**WORK TO BE COMPLETED:** From the data below, return only the lines from the one with "SULKY ORIGINAL SLIMLINE BOX - Poly Sparkle" through the one with "30 Dream Pack", exact and inclusive, with pictures left out.

**DATA:**
——————

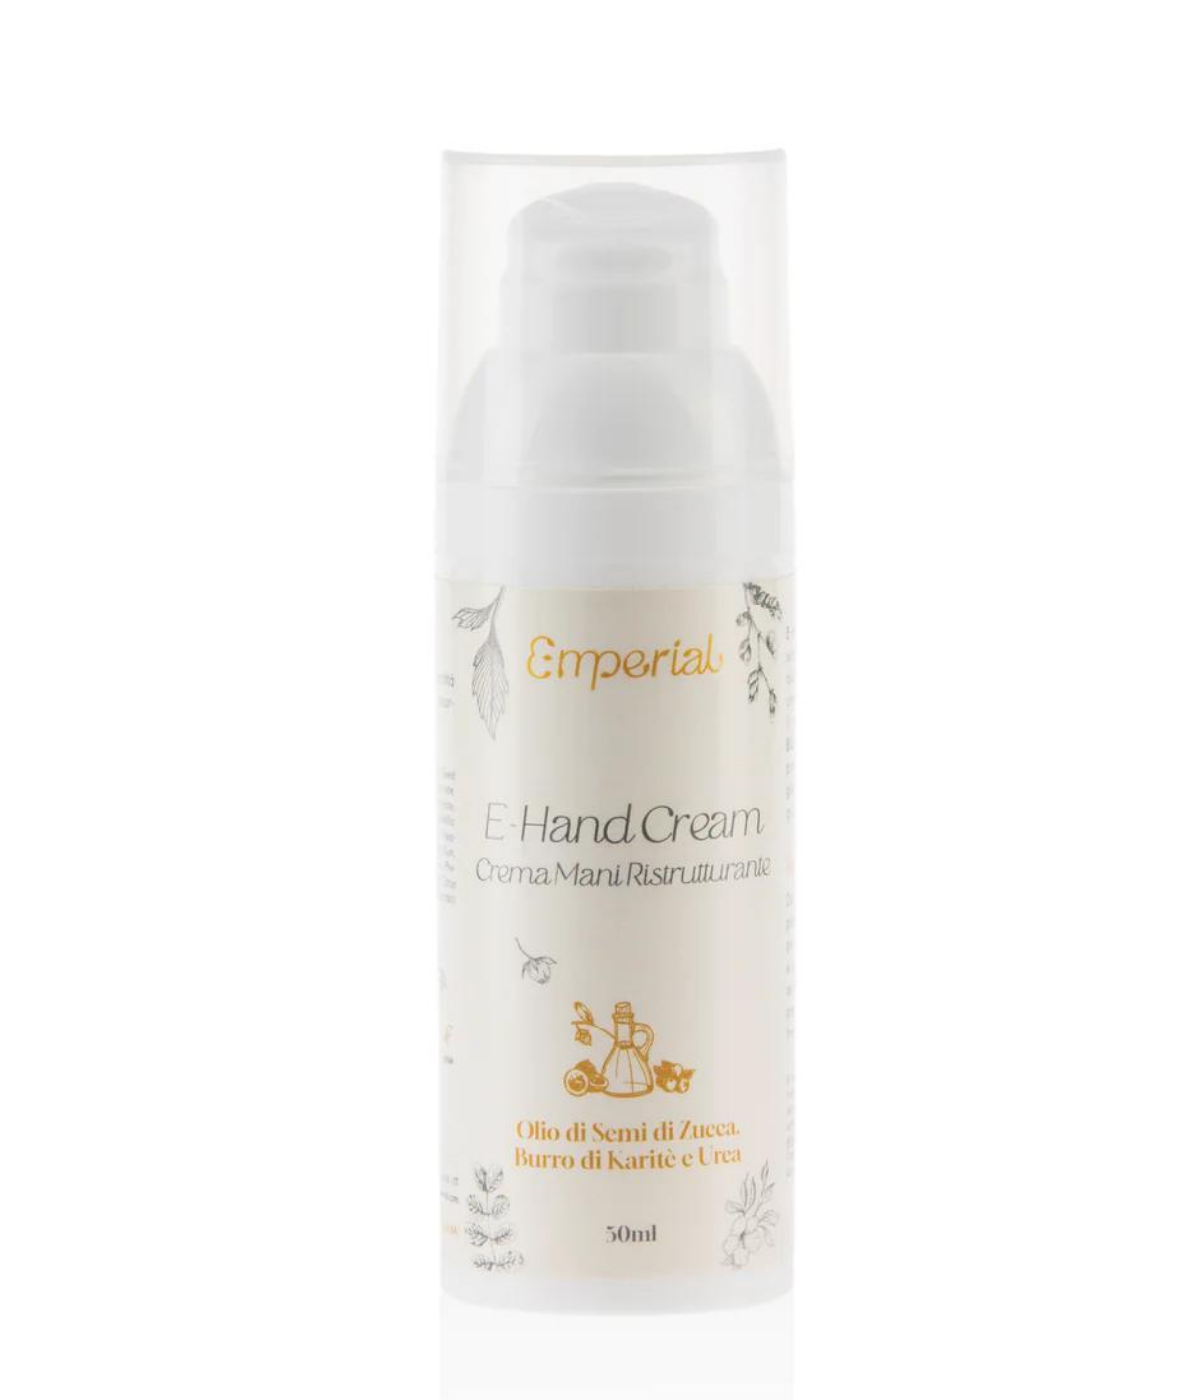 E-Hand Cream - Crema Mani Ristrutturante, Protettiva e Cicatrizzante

——————

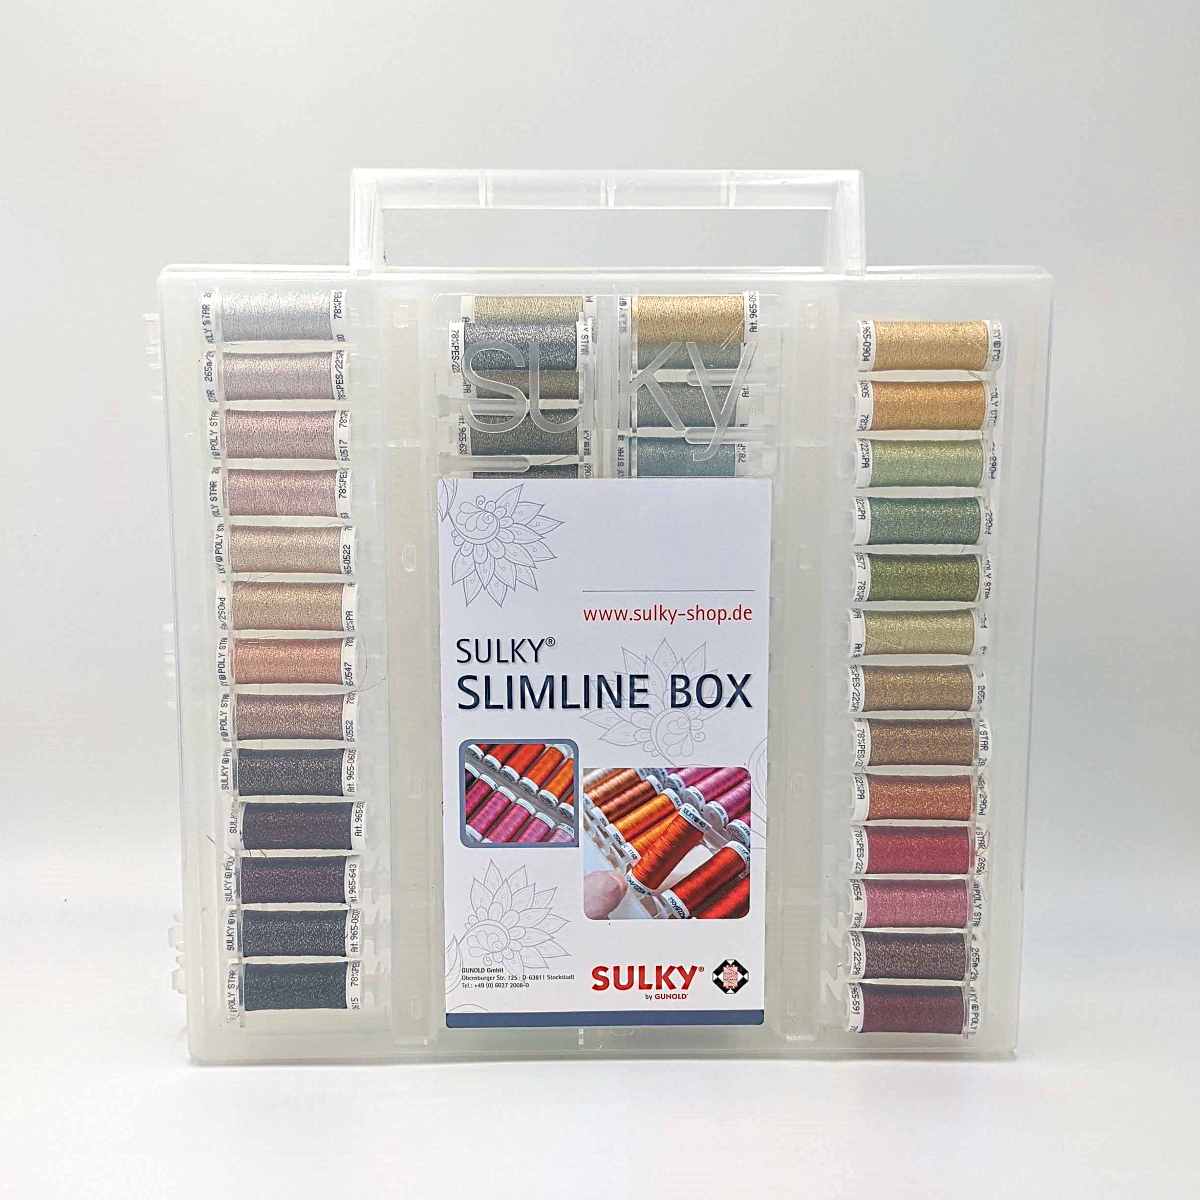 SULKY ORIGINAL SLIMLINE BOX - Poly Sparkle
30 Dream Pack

——————

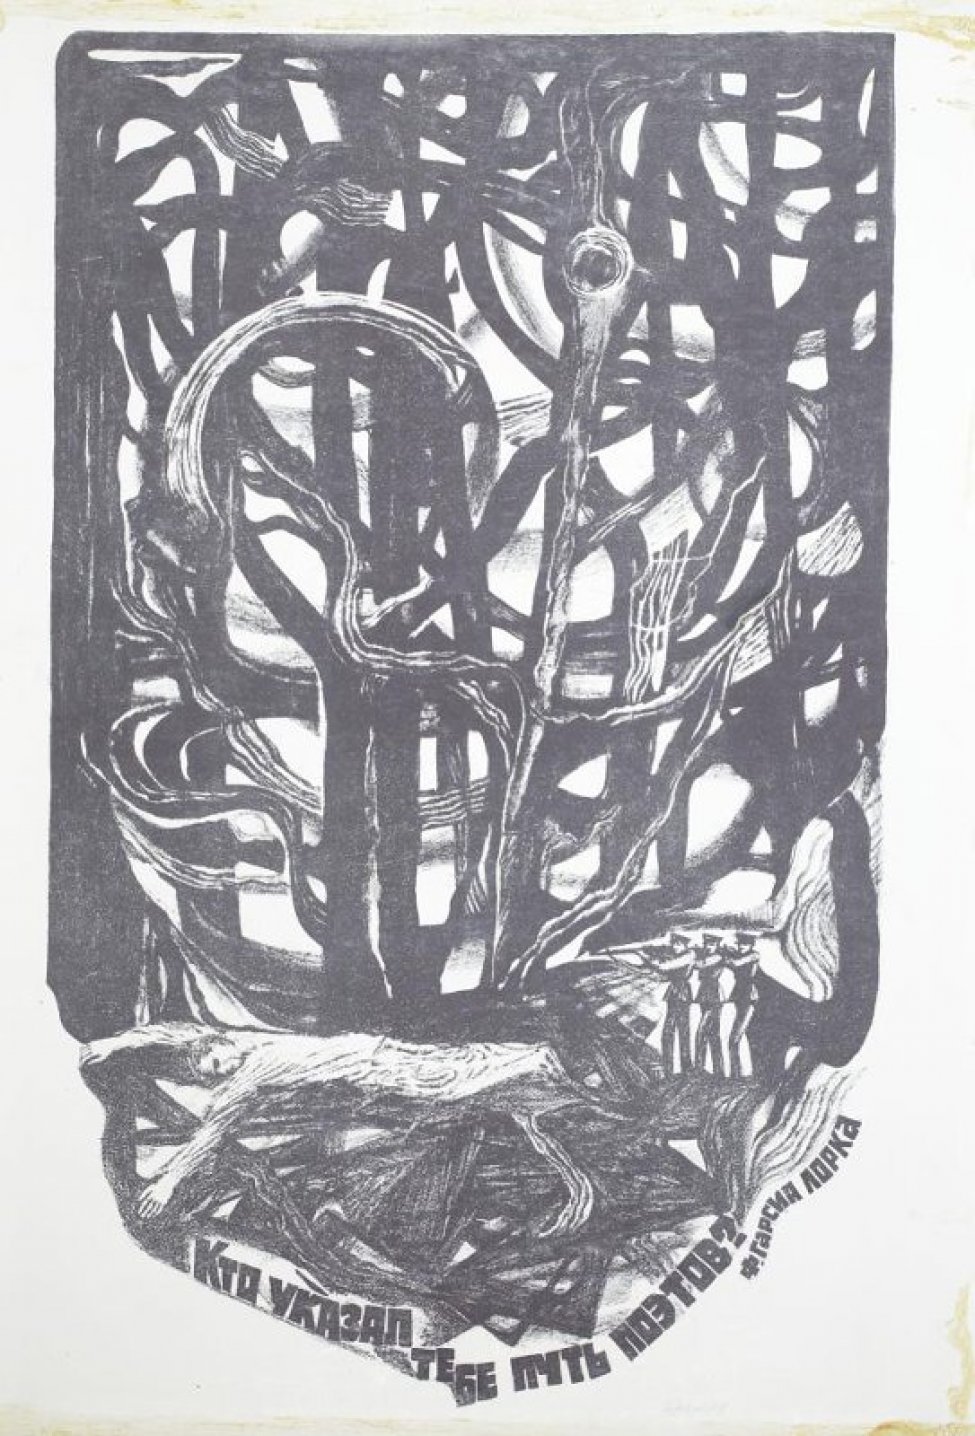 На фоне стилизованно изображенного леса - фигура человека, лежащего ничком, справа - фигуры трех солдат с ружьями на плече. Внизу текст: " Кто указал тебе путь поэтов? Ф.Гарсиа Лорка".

——————

**RESULT OF THE TASK:**
 SULKY ORIGINAL SLIMLINE BOX - Poly Sparkle
30 Dream Pack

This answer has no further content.